Table 2 shows the relationship between various health and lifestyle factors and the prevalence of UI. It is noteworthy that the prevalence of UI increases with higher BMI categories. Obese individuals (BMI ≥ 30) have the highest UI prevalence, both in men and women (n = 102; 7.9% and n = 340; 15.8%, respectively). The differences are statistically significant and highlight the association between higher BMI and a higher likelihood of developing UI. When examining the association between regular physical activity, specifically walking, and the prevalence of UI, it is clear that more physical activity is associated with a lower prevalence of UI. Specifically, women who reported being physically inactive had the highest prevalence of UI (n = 244; 17.0%). In the context of sedentary behavior, longer sedentary hours correlated with higher UI prevalence. Women who spend more time in sedentary activities demonstrate greater UI prevalence (n = 358; 13.9%). The significant differences underscore the importance of staying active to mitigate the risk of UI.

Table 2 The relationship of UI with health-related characteristics among men and women

The relationship between smoking habit and the prevalence of UI is also presented in Table 2. Former smokers, particularly women (n = 105; 15.9%), tend to have higher UI prevalence. The prevalence is lower among non-smokers, and current smokers exhibit intermediate levels. The statistical significance indicates that smoking may contribute to increased UI prevalence.

Table 2 also examines the effects of self-perceived health on the prevalence of UI. The results show that individuals who rate their health as fair or poor/very poor are more likely to experience the UI. The statistically significant differences underscore the association between perceived health status and UI, suggesting that addressing overall health and well-being might influence the occurrence of UI.

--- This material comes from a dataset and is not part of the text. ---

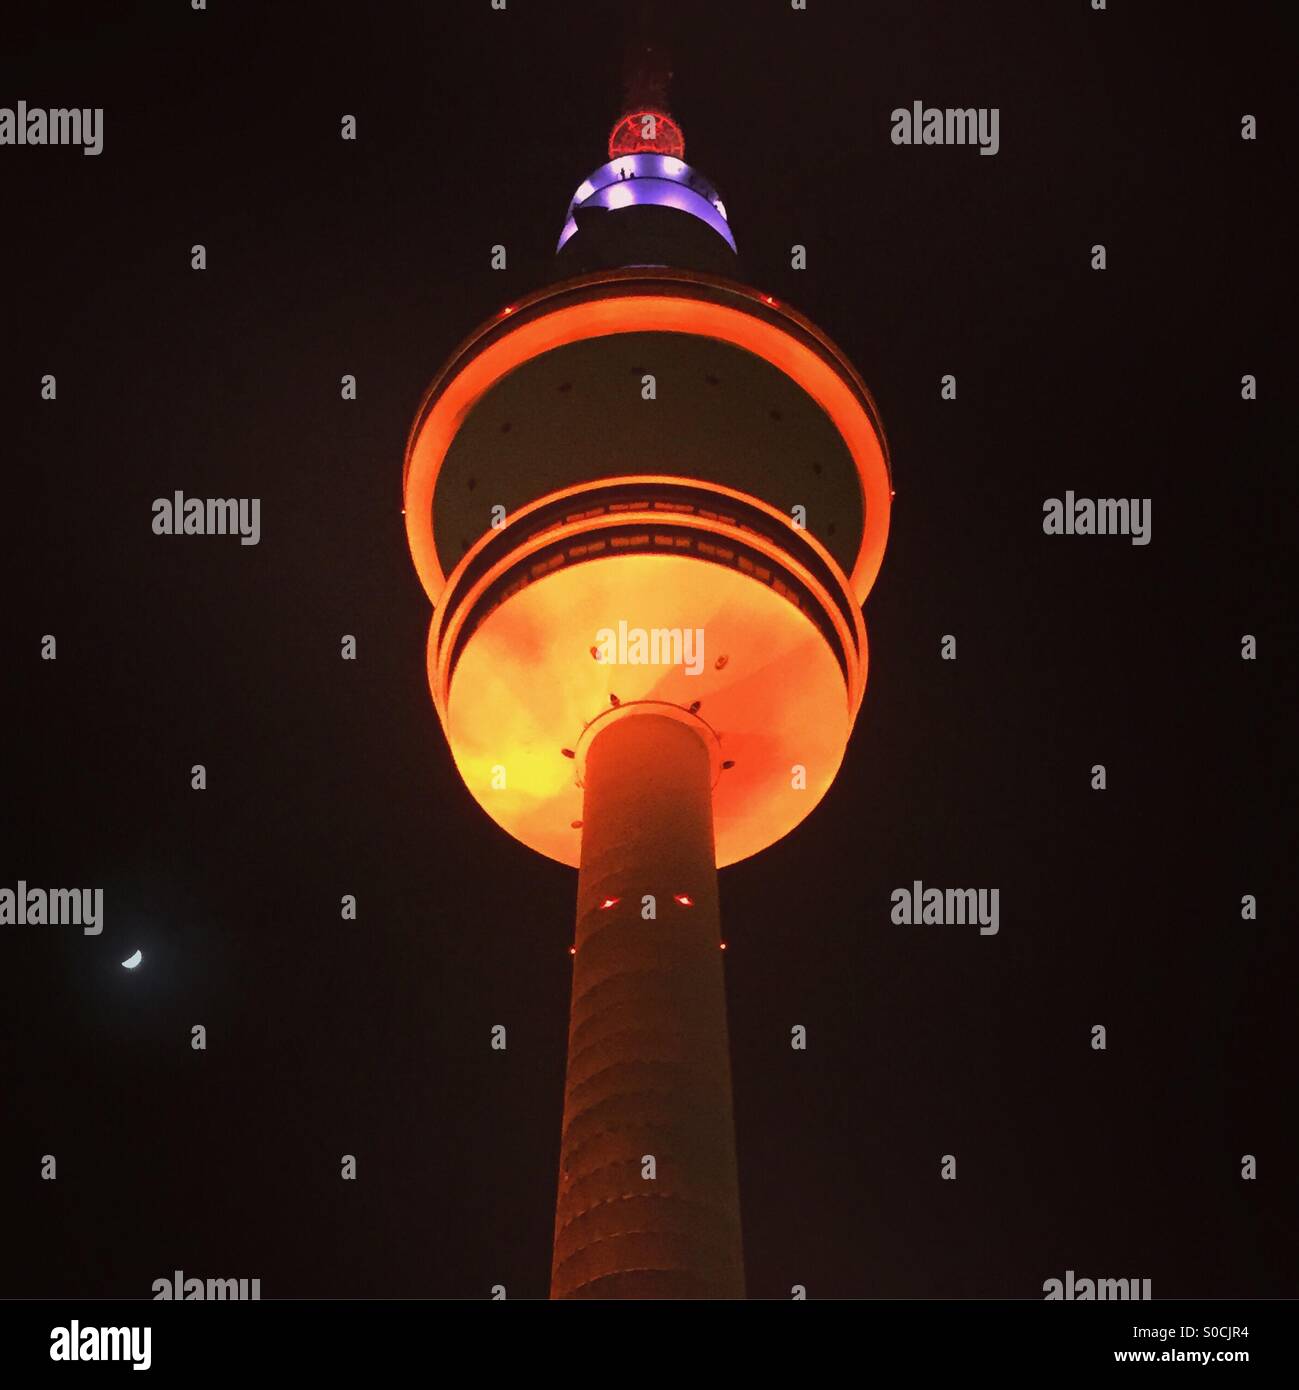 Hamburg's TV tower, the Heinrich Hertz Turm at night in front of the moon. Up-lit with orange and purple lights Stock Photo

The data presented in Table 2 show a remarkable association between chronic health conditions (COPD, hypertension, and diabetes) and the prevalence of UI. Participants with COPD have a substantially higher prevalence (n = 243; 22.0%) of UI compared to those without COPD (908; 7.4%). This holds true for both men and women. The statistically significant differences in UI prevalence between COPD and non-COPD groups underscore the potential impact of respiratory health on UI occurrence. The prevalence of UI exhibited a notable increase among individuals diagnosed with hypertension (n = 522; 20.1%) compared to those without this condition (n = 625; 5.8%). This pattern remains consistent among both men and women. These observed differences in prevalence carry statistical significance, highlighting the association between hypertension and an elevated probability of encountering UI. Similar to the previous two conditions, participants with diabetes also present a heightened prevalence of UI. Notably, the prevalence stands at 21.6% (n = 372) among those with diabetes, in contrast to 6.7% (n = 781) among those without the condition (p < 0.001). This is true for both men and women.

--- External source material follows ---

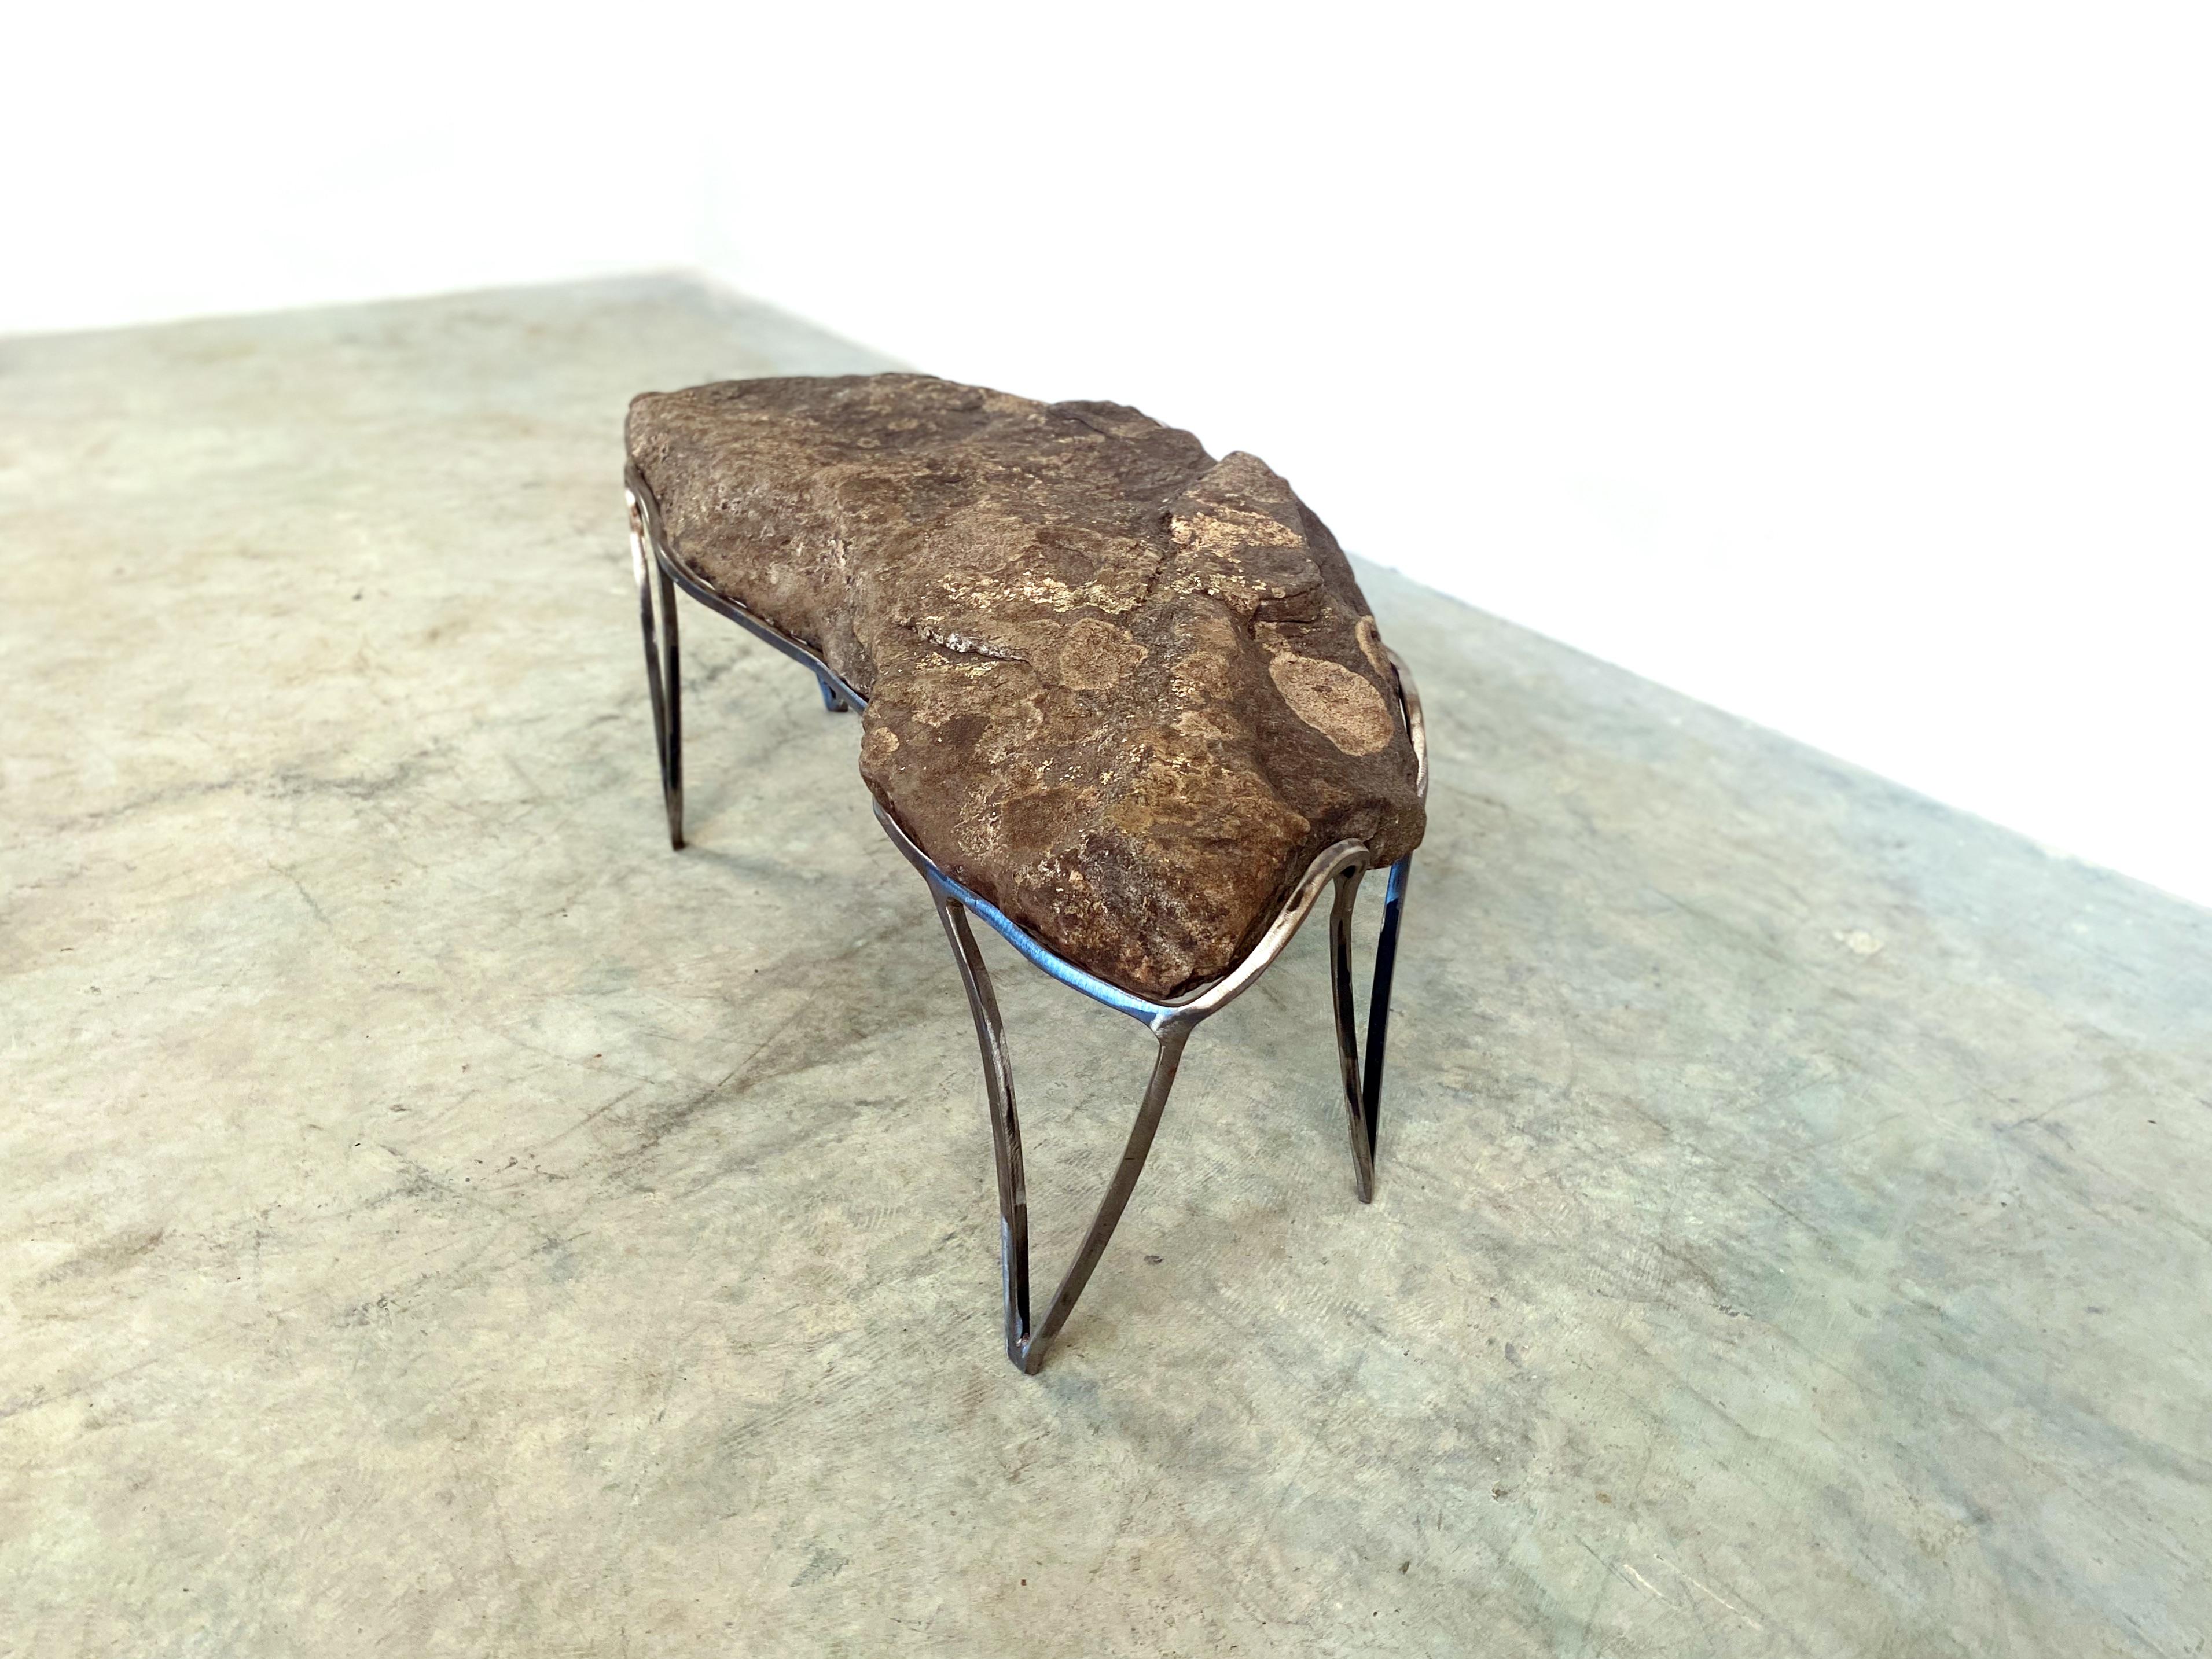 Hand-Crafted Rock Table No.6 by Quinn Morrissette, Natural Stone and Steel Coffee Table

Table 3 presents results from a logistic regression analysis examining the association between various factors and UI. The Nagelkerke R2 values indicate the model’s goodness of fit. These results indicate that in women, UI is notably associated with age, education, BMI, perceived health status, COPD, diabetes, physical activity, and smoking. In men, UI is linked significantly to age, education, perceived health status, COPD, and diabetes.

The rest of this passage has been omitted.